No skill jobs such as retail pay the bare minimum they can get away with, I applied for a job in tesco and asda as a shelf stacker and would have been paid £6 or so an hour, and would need to do a 50 hour week to make what I did in the school doing 30 hours!
Originally Posted by GrumbleDook
Agreed. I have no issue with people if they can't afford it, but a few I have interviewed have actually said (and I quote) "I am only here to keep the job seekers happy" outside of the interview. One was a genuine case and as you said, we pointed him to a charity shop to pick up a suit (he managed to pick up an armani suit for £12!!!) and he got the job. I am more than happy to help people.
They can be. If a claimant attends an interview and conducts themselves in a manner they know will disqualify them for a job then it is dealt with as if they failed to turn up for the interview. I have grassed people up for this before. The problem about clothing is that they might not own a suit, or even shirt and tie. If they can reasonably explain that they do intend to be appropriately dressed if they get the job then this is fine. I would not like to discriminate against people just because they are below the breadline. I know of schools who, when people have turned up poorly dressed for interviews, put them in touch with local charities who can help on that side until the wage comes rolling in. It is a hand up, not a hand out.
Those that have paid into the system yes deserve something, but there are some of those people that have worked and now stay on benefits as its easier.
You can't complain about people who never worked and with no intention of working and then try to lump into there people who have worked (like yourself) and have no job at the moment. That sort of attitude might be fine with the daily fail readership who want to see their taxes only spent on them, but is not a realistic position. It deals with a small minority and is used to justify attitudes against *all* those claiming benefits, including those on disability support.
I am not saying nationalise the services on the whole, but have a nationalised service running along side the private companies - whether it is trains, buses, fuel, energy, whatever. I suggested the coal mines as an example btw. As for banks, yes I agree.
The mines? You are kidding? Nationalisation of core services? Do you understand the relationship between growth in profits and growth in jobs? The mines were not profitable for many years. It is a very inefficient way of getting energy and the investment needed (from our taxes) is unlikely to see any payback in the near future. I think it was the Express who ran an article about this as an idea around 3 years ago and got most of the figures wrong.
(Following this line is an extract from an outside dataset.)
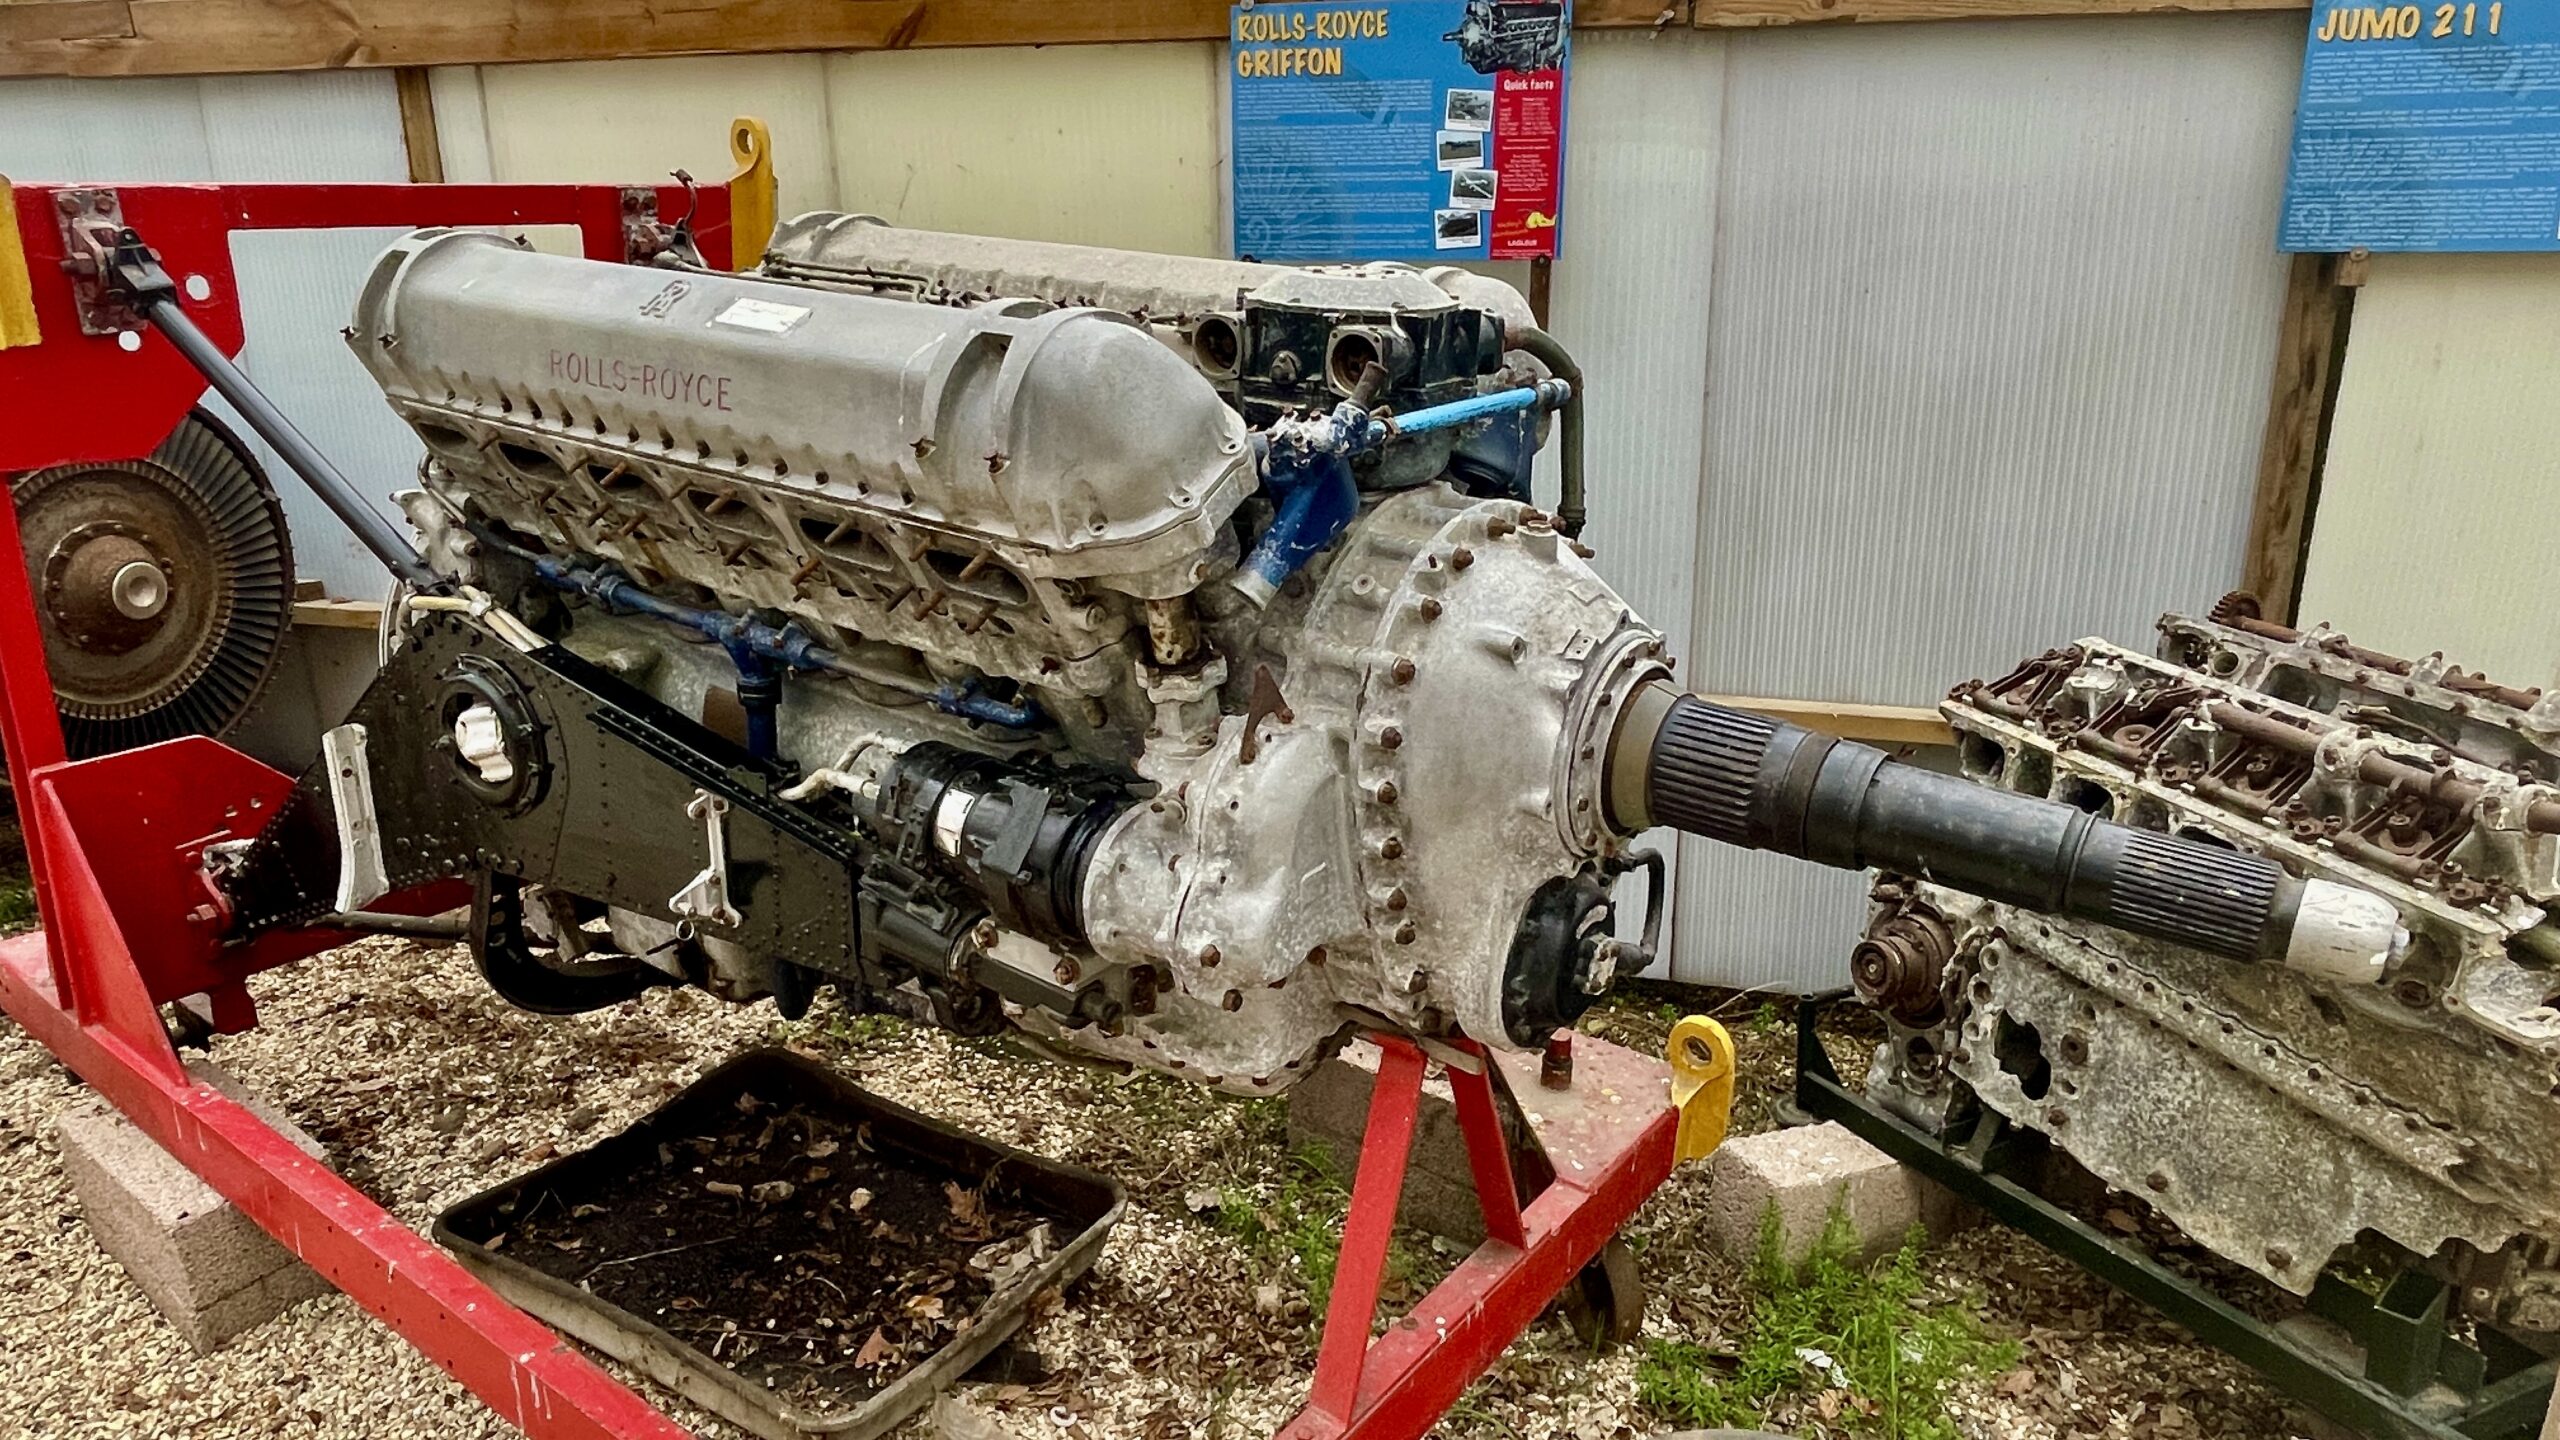 Rolls-Royce Griffon Engine

Nationalisation or energy companies would also take investment we don't have. You then also run into the problem we are having with the attitude to the banks we have large chunks in ... We want them to make a profit as this pays back the investment the state has made. The people who can do this want a wage (and perks) equivalent to what they would get in other banks ... And yet we moan about the wages they get. The same will happen in anything you nationalise. You have to pay the equivalent rates as they would get elsewhere ... Unless you add an extra bit to it ... Public service. The idea that you are doing a public service is no longer seen as a high priority, partly because it is not portrayed as something rewarding. In fact the same media will have a go at anything they can which promotes public service, unless they can jump on a bandwagon, or happily publish / show others knocking it too. It doesn't help when you have politicians from all side who do the same.
OK, you have me on that one, but something does need to give!
Saying we need wholesale reform is not going to work either, as this is just part of politics. There are too few cross department groups and too many conflicting agendas. Free schools is another way of saying "don't trust the state to give you children education" so why on earth would you trust the state to look after banks, energy, rail? We get told outsourcing to companies who have made profits running companies well is better than letting councils waste money. In the same voice we get told our NHS is the best in the world, but needs wholesale change ...
And yes, some of the above is correct, but try to read between the line and understand what is selective use of information to prove a point. I could spend all day pointing out where Mr Gove has been selective about his attitude on support staff in schools, or his use of data to justify his departments agenda. Others, however, do it far better than me.